🤖 AI Summary
To address insufficient pedestrian trajectory prediction accuracy and underutilization of pose information in autonomous driving, this paper proposes a stepwise goal-driven network integrating skeletal keypoints and joint angles. Methodologically, it introduces— for the first time—the fusion of human pose angular features with a target-oriented, stepwise modeling mechanism, augmented by horizontal temporal flipping to enhance few-shot generalization. Skeletal sequences are extracted via pose estimation, and inter-segment joint angles are computed; the SGNet architecture is enhanced to enable multimodal spatiotemporal feature fusion and end-to-end trajectory regression. Evaluated on the JAAD and PIE datasets, the method achieves state-of-the-art performance, significantly outperforming the original SGNet.
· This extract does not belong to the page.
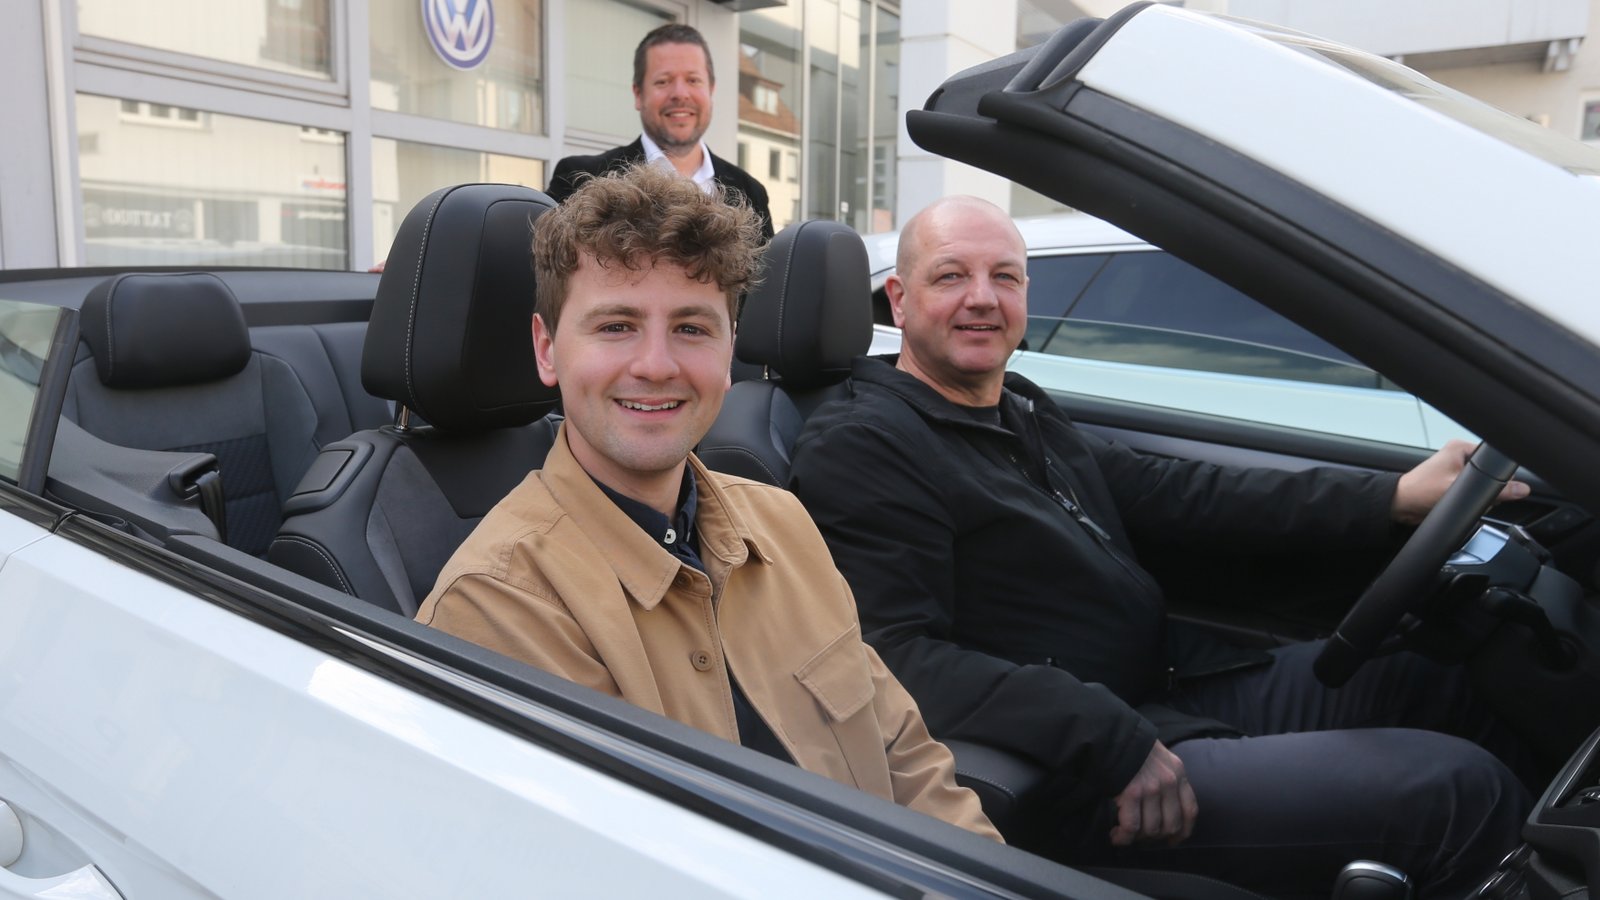 Gewinner Miguel Rapp (vorne) und sein Vater Harald Rapp nehmen bei Gunnar Bäuerle vom Sevo-Vertrieb das Cabrio für ihren Wochenendtrip nach München in Empfang.  Foto: Küppers

It delivers substantial improvements in both trajectory prediction accuracy and timeliness of collision warning, demonstrating superior practical utility for safety-critical autonomous driving applications.
📝 Abstract
Predicting pedestrian trajectories is essential for autonomous driving systems, as it significantly enhances safety and supports informed decision-making. Accurate predictions enable the prevention of collisions, anticipation of crossing intent, and improved overall system efficiency. In this study, we present SGNetPose+, an enhancement of the SGNet architecture designed to integrate skeleton information or body segment angles with bounding boxes to predict pedestrian trajectories from video data to avoid hazards in autonomous driving. Skeleton information was extracted using a pose estimation model, and joint angles were computed based on the extracted joint data. We also apply temporal data augmentation by horizontally flipping video frames to increase the dataset size and improve performance. Our approach achieves state-of-the-art results on the JAAD and PIE datasets using pose data with the bounding boxes, outperforming the SGNet model. Code is available on Github: SGNetPose+.